Standardization and integration of different datasets

2022-02-26

Introduction

The first step of the bdc package handles the harmonization of heterogeneous datasets in a standard format simply and efficiently. How is this accomplished? Basically, by replacing the headers of original datasets with standardized terms. To do so, you have to fill out a configuration table to indicate which field names (i.e., column headers) of each original dataset match a list of Darwin Core standard terms.

Once standardized, datasets are then integrated into a standardized database having a minimum set of terms required for sharing biodiversity data and metadata across a wide variety of biodiversity applications (Simple Darwin Core standards).


⚠️IMPORTANT:

Installation

Check here how to install the bdc package

Read the configuration table

Read an example of the configuration table. You can download the table by clicking on the “CSV” button. We demonstrate the usefulness of the package using a database of terrestrial plant species occurring in Brazil.

metadata <-
  readr::read_csv(system.file("extdata/Config/DatabaseInfo.csv",
                              package = "bdc"),
                  show_col_types = FALSE)

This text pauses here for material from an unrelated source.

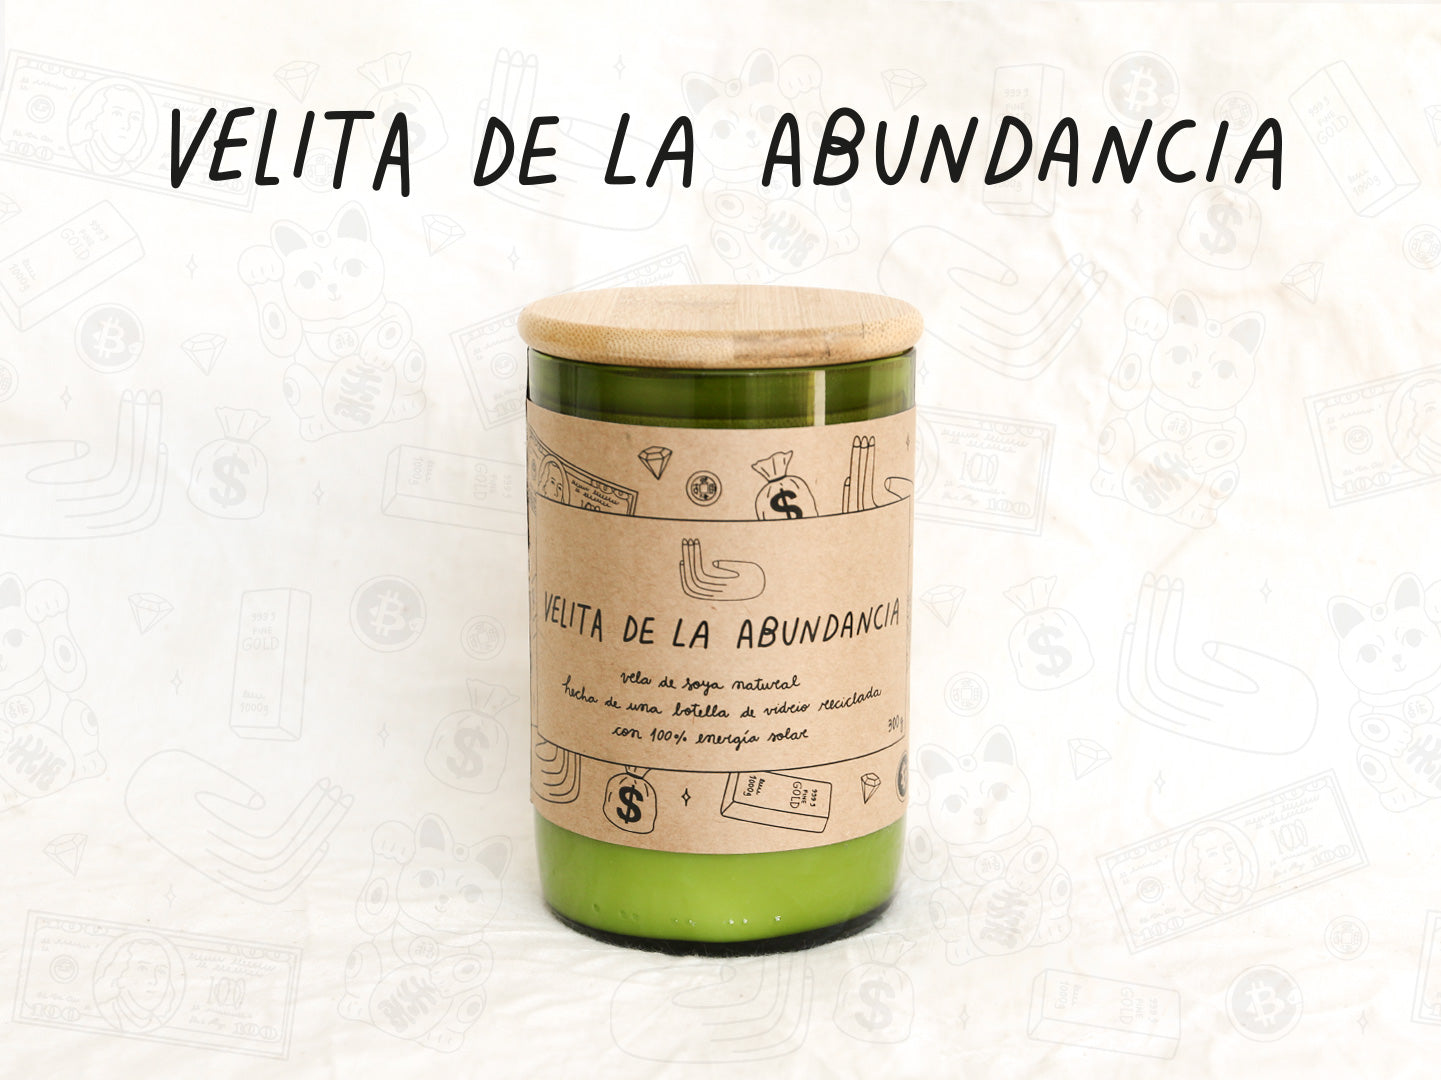 Velita de la Abundancia - Aroma Vainilla - Verde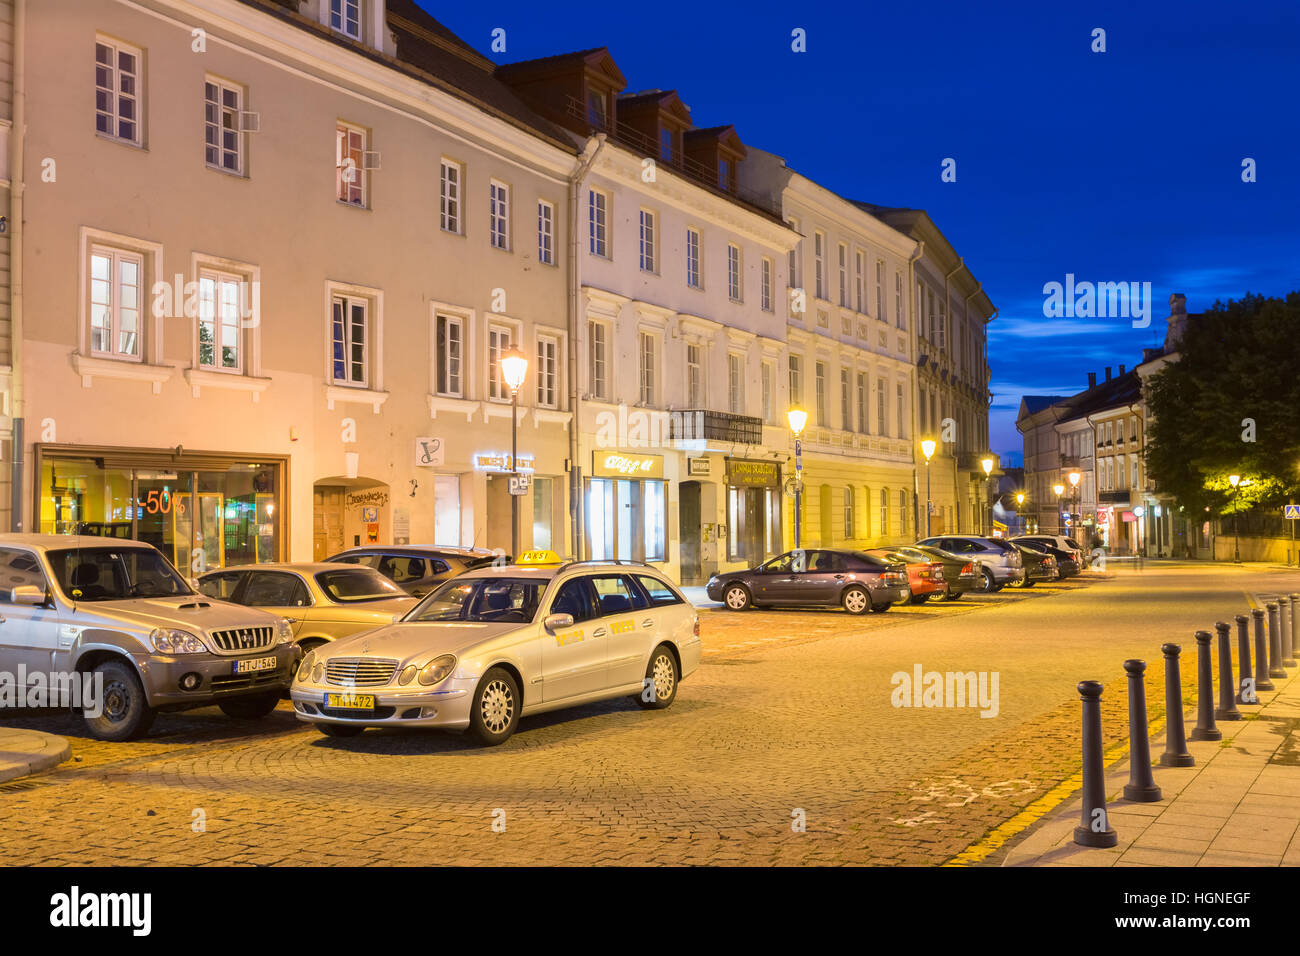 Vilnius, Litauen - 8. Juli 2016: Die bewegungslos silbernen Mercedes-Benz Taxi Auto unter parkenden Autos auf dem verlassenen Rotuses Platz In Abend Illumin Stockfoto

NOTE: Remember to change the column “fileName” for the path containing the input files and perform all modifications needed in the configuration table before executing bdc_standardize_datasets.



The standardized database embodies information on species taxonomy, geolocation, date of collection, and other relevant context information. Each field is classified in three categories according to its importance to run the function: i) required, i.e., the minimum information necessary to run the function, ii) recommended, i.e., not mandatory but having important details on species records, and iii) additional, i.e., information potentially useful for detailed data analyses.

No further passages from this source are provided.